I tried using KSM with Incus VMs and CTs, but unfortunately, it doesn’t work as expected

In theory, KSM should work well with QEMU instances, but it seems not to be the case with Incus.

Would it still be feasible for Incus to leverage the new kernel API to enable KSM for containers or VMs? Has anyone tried this approach or have insights on the potential challenges involved?

Looking forward to the maintainers’ input and any experiences from the community.

Thanks again!

I will try with Incus VM on my side, did you use ksmtuned (used in Proxmox) to configure KSM ?

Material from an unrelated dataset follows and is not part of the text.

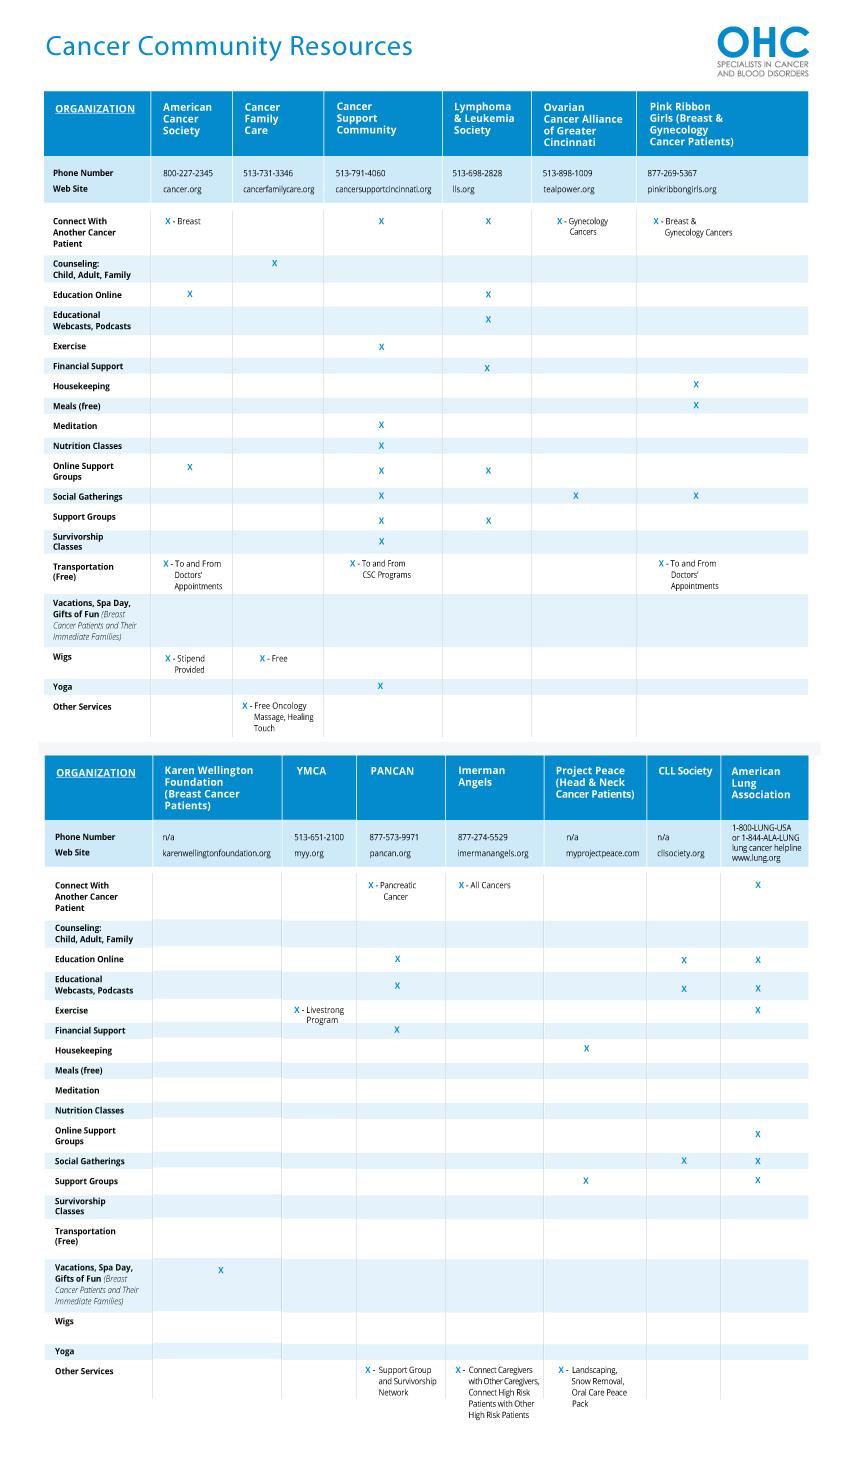 OHC community resources
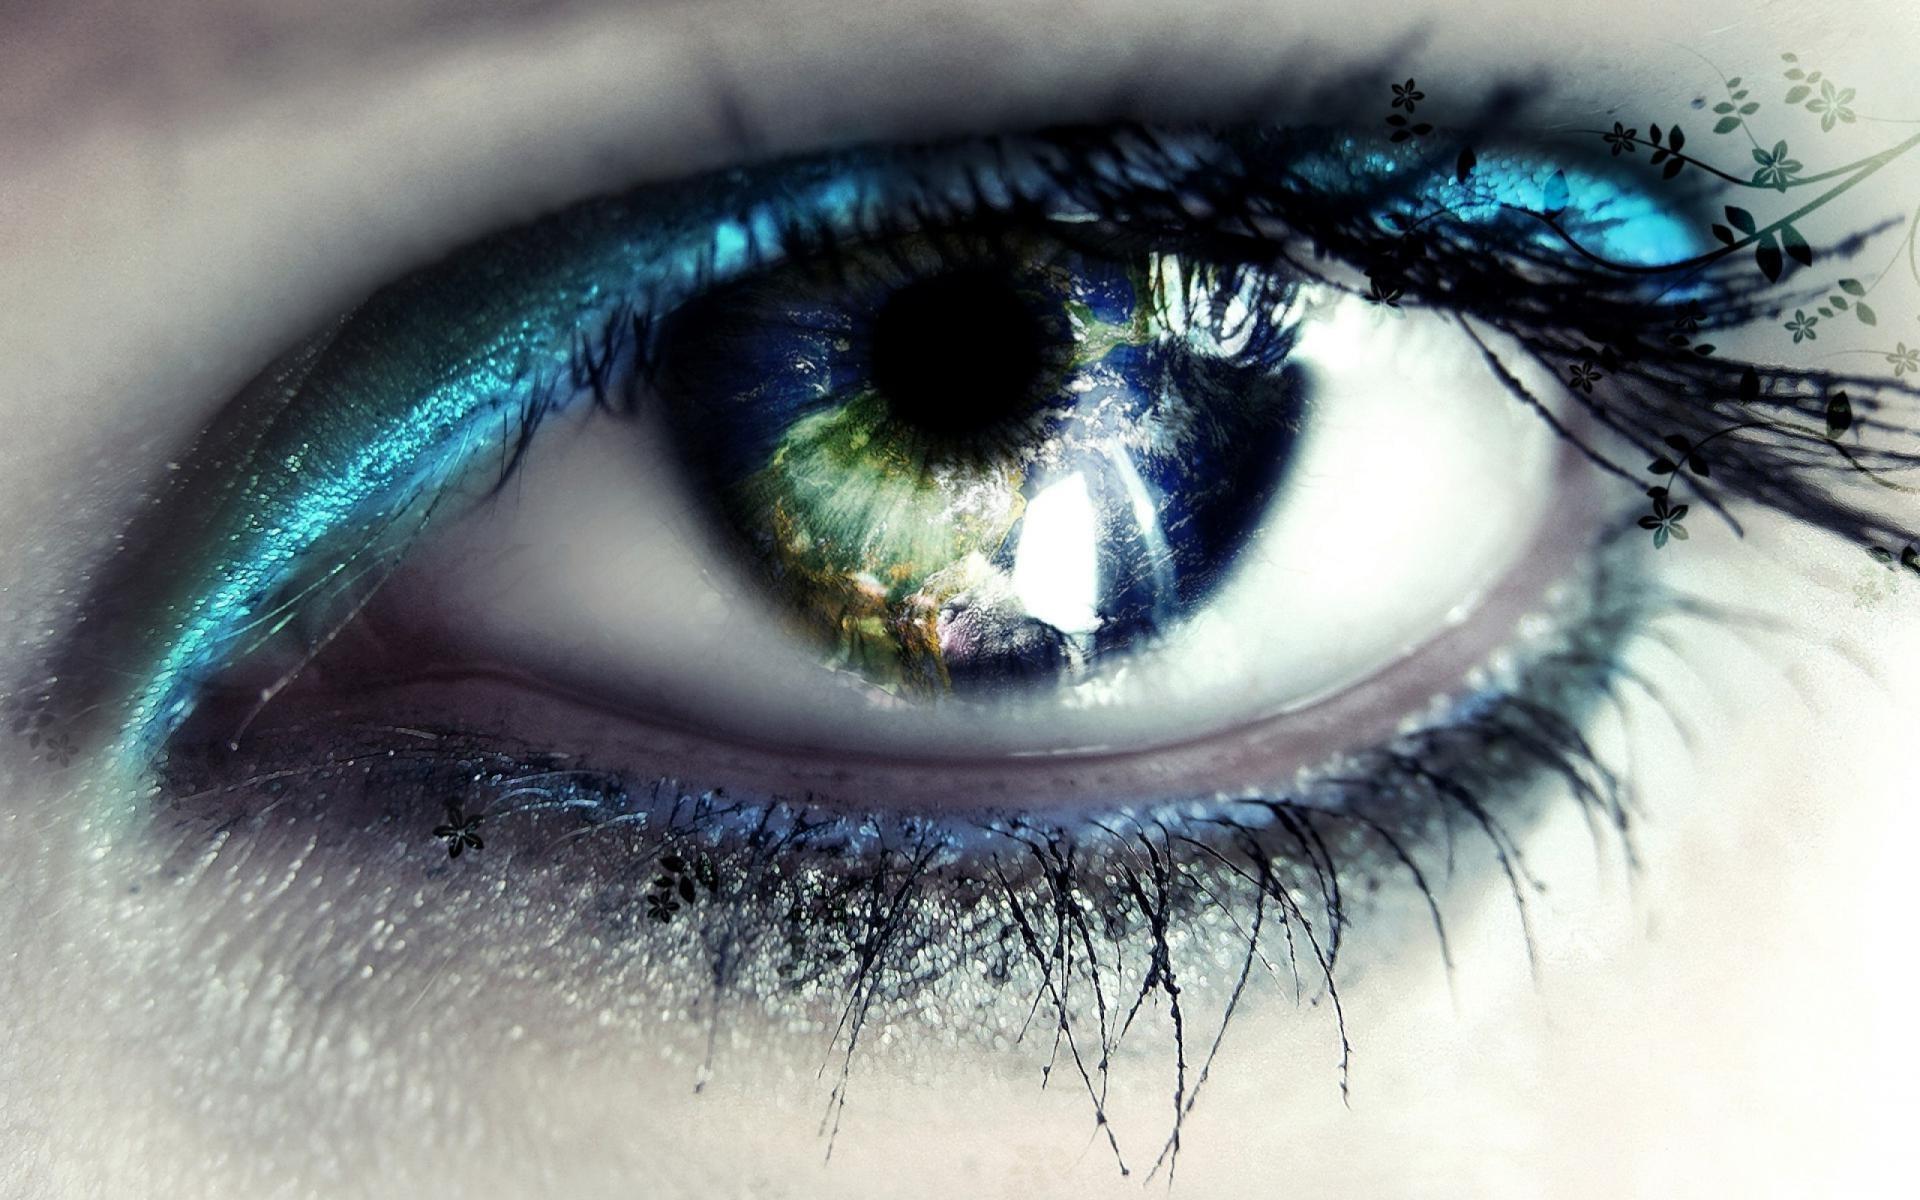 Mystical eye wallpaper 2701 1920x1200

I made a small test on my side with Incus VM, seems working a bit after launching some VM:

$ cat /sys/kernel/mm/ksm/pages_shared
0
$ cat /sys/kernel/mm/ksm/run
0
$ echo 1 | sudo tee /sys/kernel/mm/ksm/run
$ cat /sys/kernel/mm/ksm/run
1
# Launch 10 VMs
$ incus launch images:ubuntu/24.04 v1 --vm -p vm -c limits.memory=4GiB
...
$ cat /sys/kernel/mm/ksm/pages_shared
832

Thank you for testing it on your side!

I didn’t use ksmtuned (used in Proxmox) to configure KSM.

It’s encouraging to see that you got some positive results with Incus VM after launching some VMs. I’ll follow your steps and check the /sys/kernel/mm/ksm/pages_shared and /sys/kernel/mm/ksm/run values.

I am using ksmtuned from the Ubuntu repositories.

I checked the RAM usage before and after enabling KSM by launching 7 VMs. Here are the commands I used to disable KSM and the results:

$ cat /sys/kernel/mm/ksm/pages_shared
835

$ echo 2 | sudo tee /sys/kernel/mm/ksm/run

$ cat /sys/kernel/mm/ksm/pages_shared
0

RAM usage:

• Before KSM: 9024MiB
• After KSM: 8885MiB

RAM saved: 139MiB

RAM usage of one VM: 127MiB

In theory, the RAM saved should be equal to the amount used by each VM. However, when all virtual machines are turned off except for one, it is clear that the RAM saved is not as much as expected.

• One VM Memory: 5441MiB
• Seven VMs Memory: 8966MiB

Has anyone else tried this approach or have additional tips on configuring KSM for optimal performance with Incus VMs & CTs?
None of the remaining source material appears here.